Crash mitigation in modern transportation systems requires more than just reactive safety strategies. It demands a comprehensive understanding of how infrastructure health conditions directly influence crash occurrence and severity patterns. As road networks continue to deteriorate and traffic complexity increases, ensuring roadway safety increasingly depends on integrating advanced predictive modeling capabilities with real-time infrastructure health monitoring systems that can detect safety-critical conditions before they contribute to accidents. The first manuscript presents a machine learning framework to predict crash injury severity using real-world crash data and roadway characteristics. By applying models such as Artificial Neural Networks (ANN), Light Gradient Boosting Machine (LightGBM), Random Forest (RF), K-Nearest Neighbors (KNN), and Ordinal Logistic Regression (OLR), the study quantifies the potential injury reduction benefits of infrastructure improvements.
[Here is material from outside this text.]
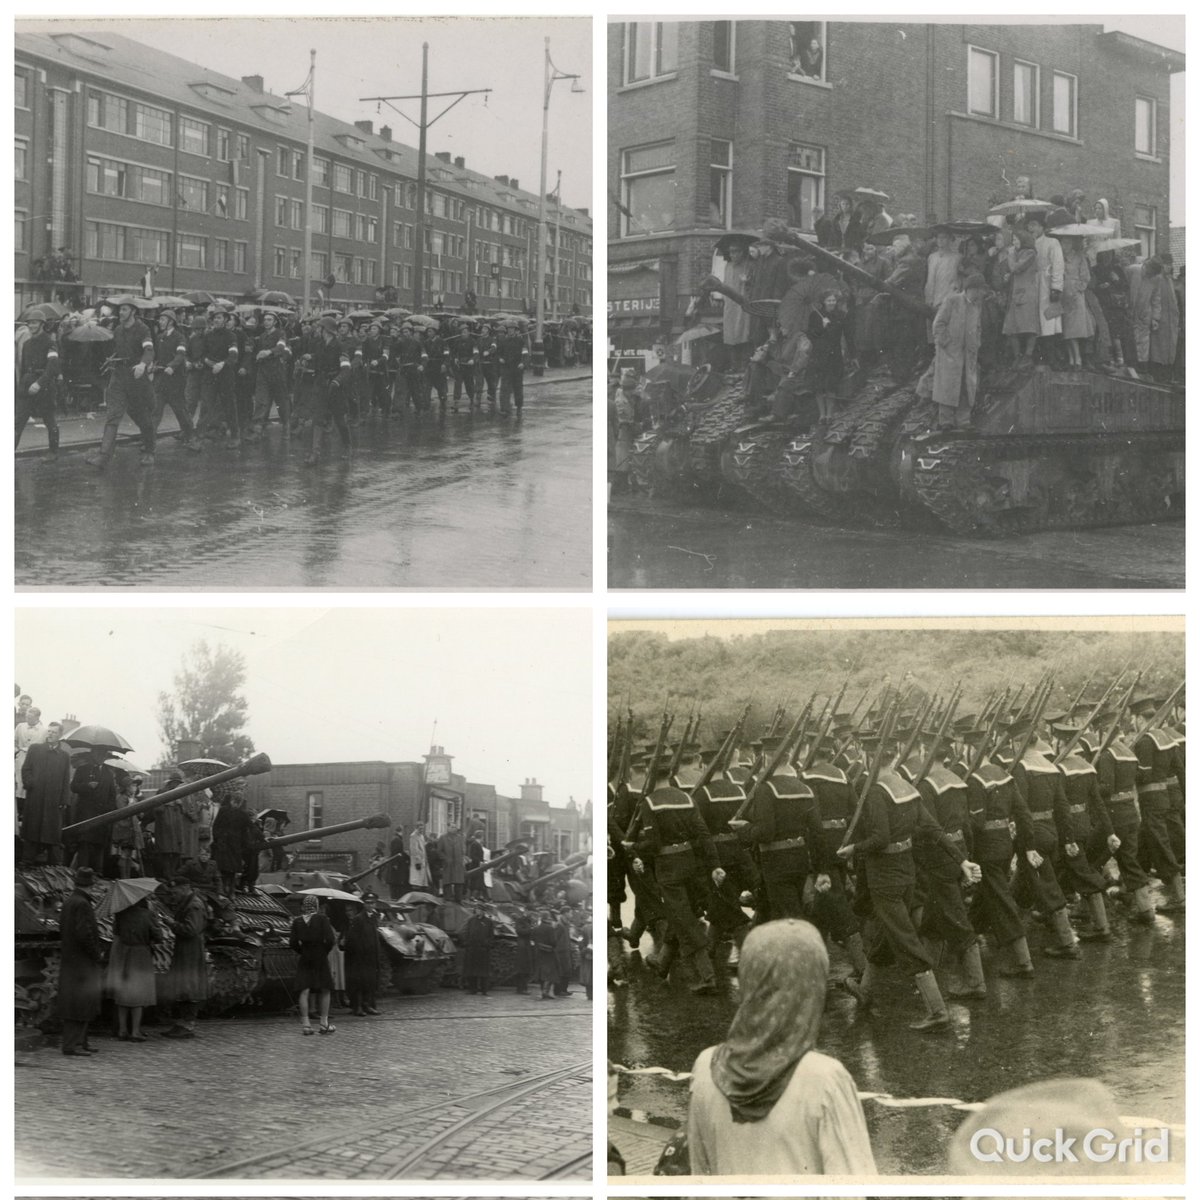 21 mei 1945. Overwinningsparade in Den Haag. Vliegtuigen van de RAF vlogen over. Duizenden Hagenaars stonden in de regen langs de route naar het De Savornin Lohmanplein en zagen de eenheden van het Canadese leger, 21 muziekkorpsen, tanks en pantserwagens.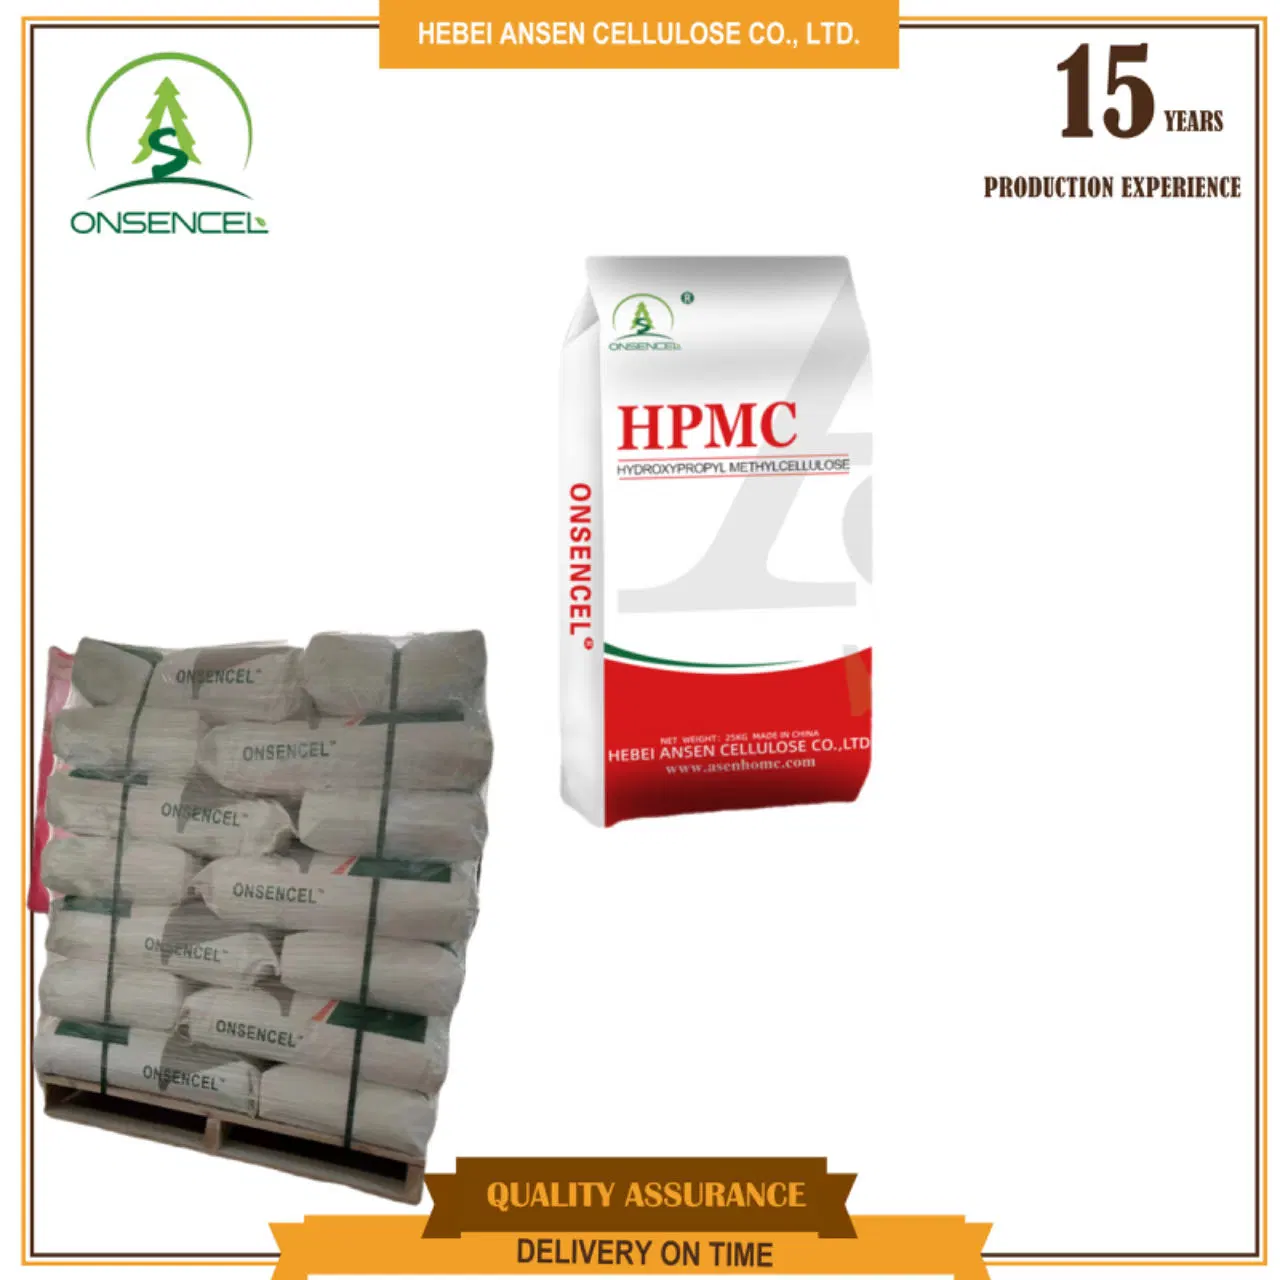 Coton cellulose HPMC 200000 100000 CPS Price produits chimiques matières premières Industriel

These data-driven predictions are validated against established Crash Modification Factors (CMFs), offering a practical method to prioritize safety investments based on injury prevention impact. Recognizing that infrastructure condition directly influences safety outcomes, the second manuscript introduces a vehicle-infrastructure-integrated digital twin platform that enables real-time monitoring of structural health (e.g., strain and vibration). This educational system combines physical sensors, Raspberry Pi microcontrollers, and a live dashboard to simulate intelligent infrastructure capable of interacting with traffic environments. The platform not only supports hands-on learning but also highlights the critical role of continuous infrastructure monitoring in proactive crash mitigation.